Yesterday, after months of wondering and years of overthinking, I received news that’s left me feeling… well, a bit confused.
I have ADHD.
I know. I know what some of you might be thinking. Honestly, if it were someone else writing this and I was reading it, I’d probably be thinking the same thing:
“Oh whatever. Everyone has ADHD these days. It’s no big deal.”
Or maybe something a little more cynical:
“Pfft… you’re just jumping on a bandwagon. Everyone struggles to concentrate sometimes. You just want to slap a label on it.”
And the thing is… there’s an element of truth in both of those reactions.
Yes, it’s true that awareness — and therefore diagnoses — of ADHD among adults is more prevalent these days. In fact, according to NHS England, the number of adults screening positive for ADHD rose by more than 13% in 2024 alone. And yes, it’s also true that everyone finds it hard to concentrate from time to time.
But for me, what makes ADHD different is the degree to which it affects my daily life. My work. My routines. My sense of self.
I can’t count the hours I feel I’ve “wasted” because I couldn’t concentrate. The number of times I’ve done literally anything else instead of the thing I needed to do — because the fog in my brain wouldn’t lift. And it impacts me. It affects how I see myself.
“What if people think I’m just a bit rubbish?”
“What if I lose my job because I’m not as productive as everyone else?”
“What value am I adding to my team if I can’t stay focused?”
“Am I letting people down because I can’t do what I know I need to?”
It’s exhausting.
But it’s not just the focus or concentration. It’s other things too. Things I’ve started to see in a new light.
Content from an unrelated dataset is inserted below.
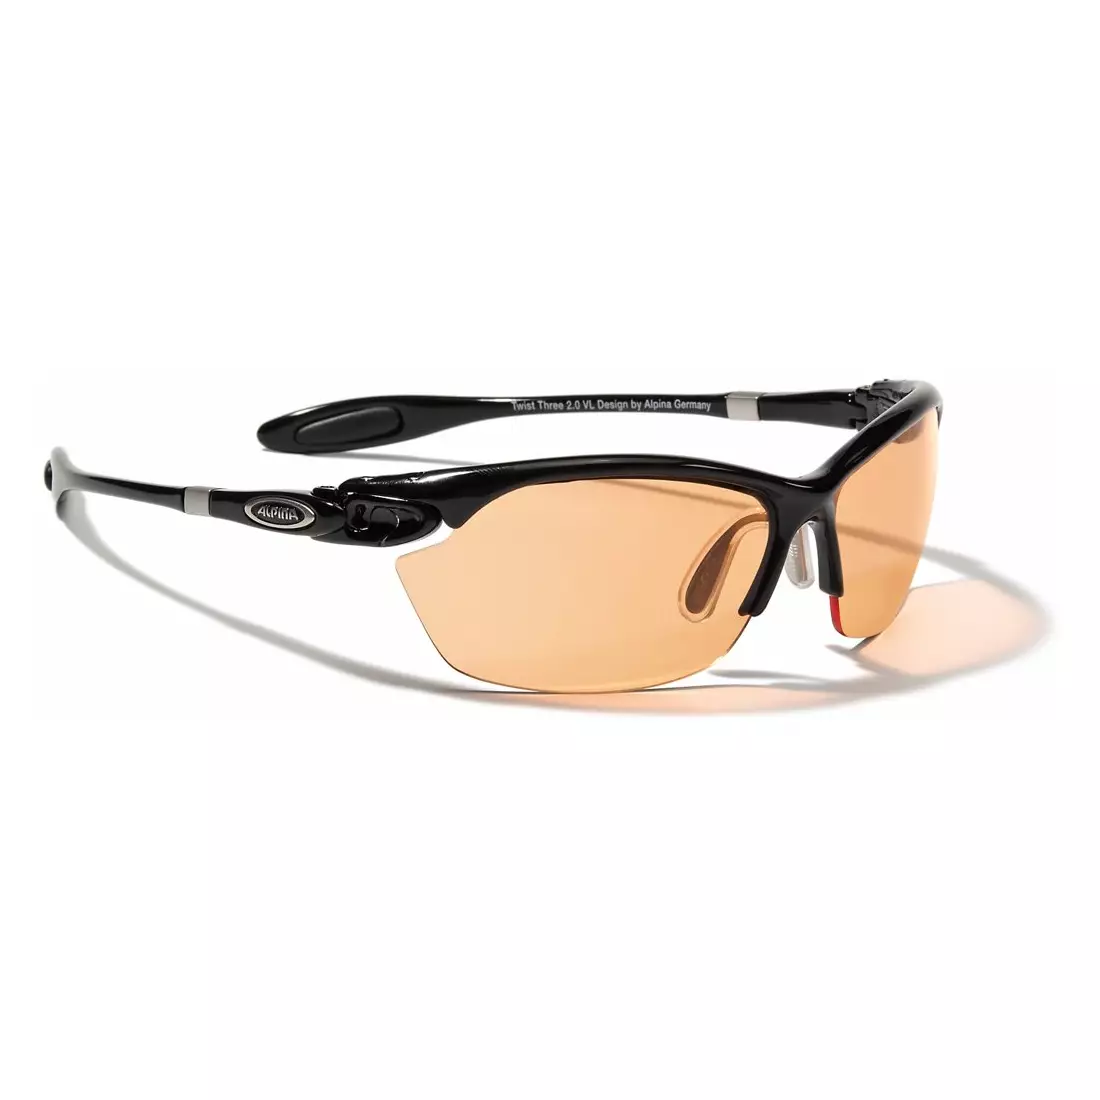 ALPINA TWIST THREE 2.0 VL - sports glasses, photochromics - color: Black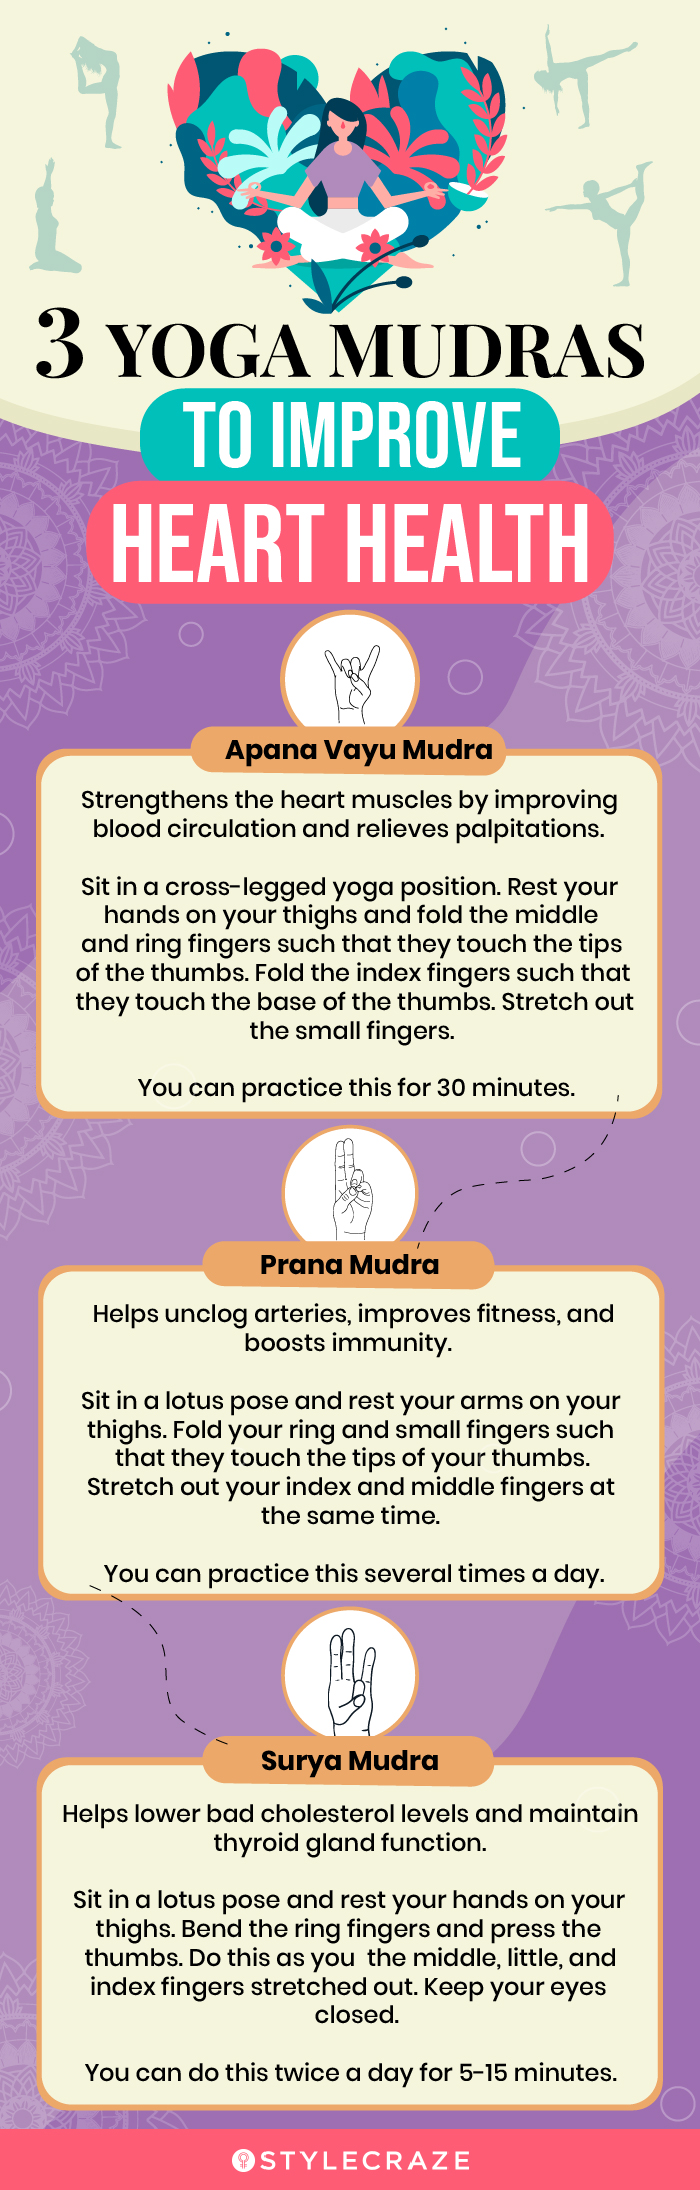 3 yoga mudras to improve heart health [infographic]

It’s my loquaciousness — a word anyone who knows me would probably use. I could start and maintain a conversation in an empty room. It’s my vivid imagination — I used to act out full Star Wars scenes in the garden, playing every character myself, complete with scripts I’d write there in the moment. I even won a short story competition at primary school because of the imagination I showed.
It’s my struggle to stay present in meetings — and even sometimes during church services. It’s the way I interrupt people, not to be rude, but because I get so worried I’ll forget what I was going to say. It’s the way I miss what they’re saying in the meantime, because I’m too busy rehearsing my response in my head.
For the longest time, I saw those things as flaws. Things that made me a bit too much. A bit rude. A bit self-absorbed.
And because I did well at school, because I’m not hyperactive, because I didn’t tick the “typical” boxes people look for in childhood — no one, not even me, ever suspected a thing.
So now I’m left trying to make sense of it.
Trying to rethink how I understand ADHD.
Not just what it is — but what it means.
It’s not something only “naughty kids” have. It’s not something that only affects people who struggle academically. I have to challenge my own assumptions, now that I know the truth about myself.
And I have to figure out how to manage it — how to work with the way my brain is wired, instead of constantly working against it.
There’s also a part of me that feels… sad. Regretful, maybe. Not because I dislike my life — I’ve got everything I could ever want: a loving wife, a beautiful home, a great job, an amazing family. But it’s hard not to wonder: what if I’d known sooner? What might have been easier? What could I have done differently, or achieved, or even believed about myself?
So now, I’m going to make myself a cuppa. Put on some jazz. And sit with this for a little while.
It’s not the end of anything.
Just the start of understanding myself a little better.